The order also ties the issue to energy production, timber production, utility maintenance, permitting, and access to remote areas. “These vague, subjective criteria often result in barriers to energy and timber production and utility maintenance, permit delays, and de facto bans on hiking and other forms of recreation that require accessing remote areas,” the order explained.
The Trump executive order also argued that existing environmental protection laws (like NEPA and the Endangered Species Act) “provide the appropriate framework for managing off-road vehicle use on federal lands.” Essentially, it claims that these larger regulations make the mandated regulations of the 1972 and 1977 executive orders unnecessary.
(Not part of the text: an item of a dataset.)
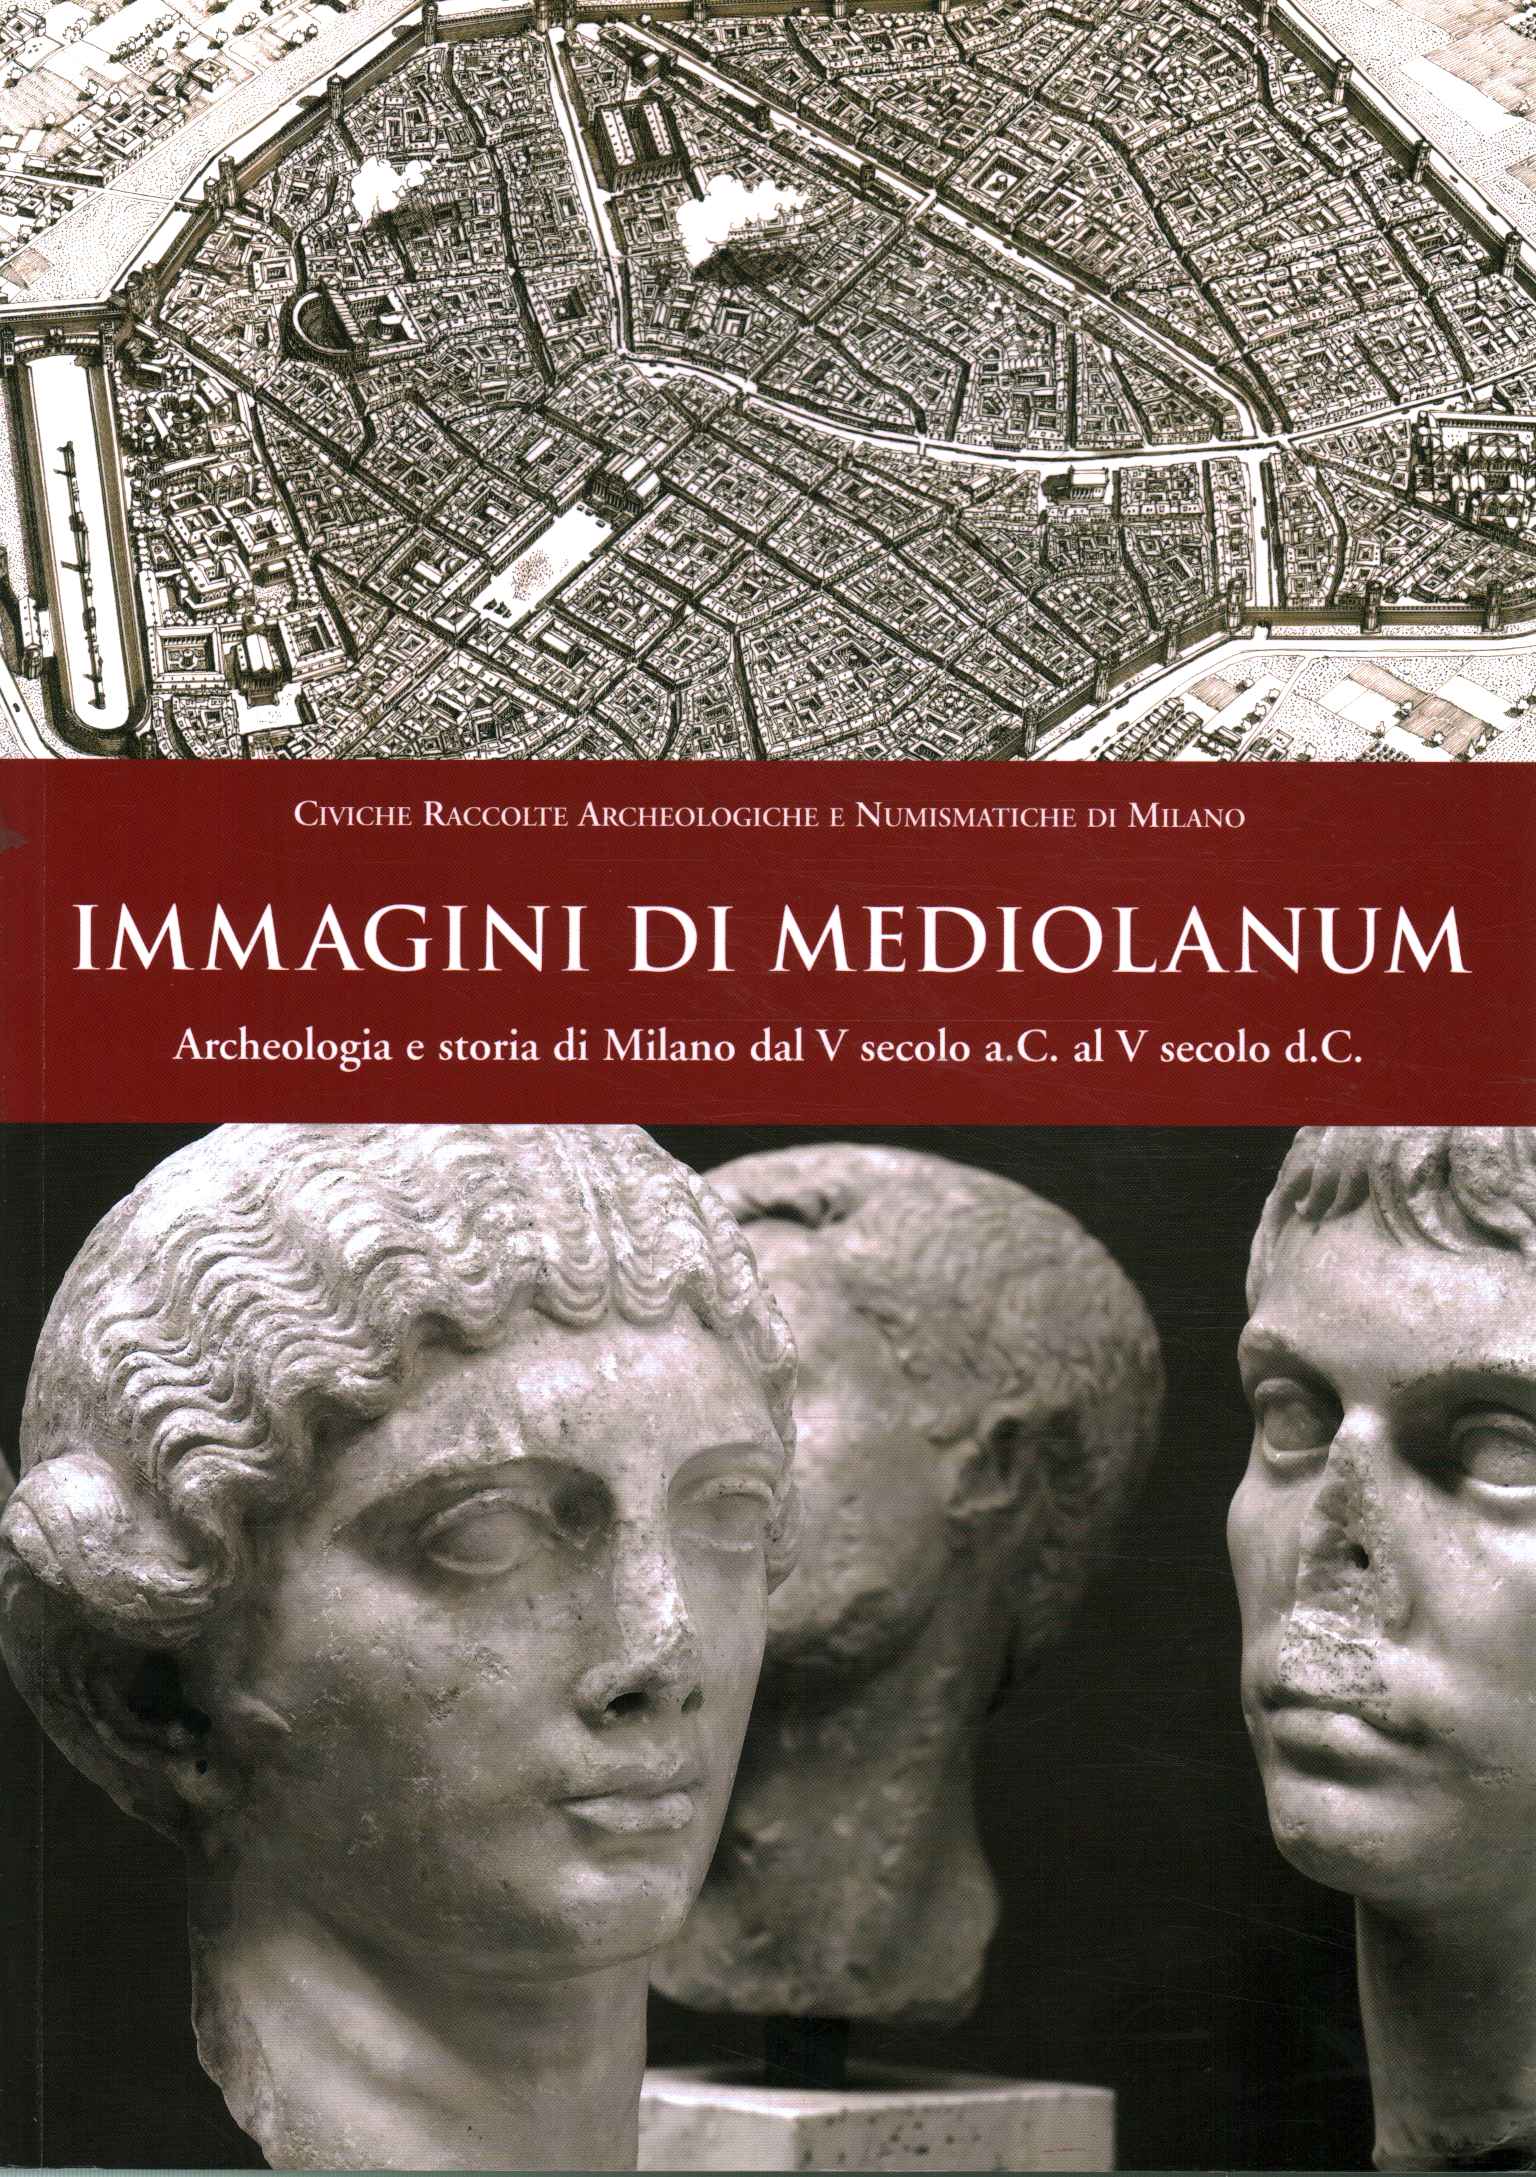 Images by Mediolanum

The order also emphasized that “access to Federal lands benefits all American citizens.” The administration hopes to replace existing regulations with a “system for off-road vehicle use designation that provides more access, recreational opportunities, and greater multiple use benefits to the public.”
What This Does Not Do
The order does not automatically open every closed road, trail, or public land area to OHV use. Instead, it directs federal agencies to review and revise the regulations built around the Nixon and Carter orders. The practical effects will likely depend on how agencies handle those rulemaking processes and how existing travel-management plans are changed or challenged.
The Responses
GearJunkie reached out to several outdoor recreation and conservation nonprofits for their reactions to the news. Environmental, wildlife, and conservation groups worried about the potential adverse effects that increased OHV use could have on public lands.
“Getting rid of common-sense OHV guidance for public lands will harm fragile landscapes and increase conflicts between user groups in the backcountry. Trump said the quiet part out loud in his executive order: It’s meant to expedite industrial extraction, not improve recreational access. No wonder he tried to bury it in a Friday night news dump,” Center for Western Priorities Communications Director Kate Groetzinger said in an email.
The nonprofit worries that uncontrolled OHV use will lead to noise and dust pollution and damage to soil and vegetation.
The Wilderness Society also objected. “For more than 50 years, common-sense safeguards have helped land managers reduce conflicts, protect clean water and wildlife habitat, and make sure public lands can be enjoyed by everyone. This administration is working to destroy this foundation, which has been in place since Richard Nixon,” Acting President for Federal Policy Alison Flint said in an email.
“This is a cynical attempt to pit public land users against one another while weakening the rules that protect the land itself. Our children and grandchildren deserve public lands that are healthy, shared and cared for — not places where decades of balanced management are tossed aside for special interests.”
Recreation advocacy groups, on the other hand, praised Trump’s action. “This is a historic win for every American who values their right to access public lands,” said Ben Burr, executive director of BlueRibbon Coalition, in a press release.
“These 50-year-old executive orders were never codified into law, yet they became the legal foundation for a framework that litigation groups weaponized to lock millions of Americans off trails they’ve used for generations. President Trump’s action today resets the clock on decades of regulatory overreach.”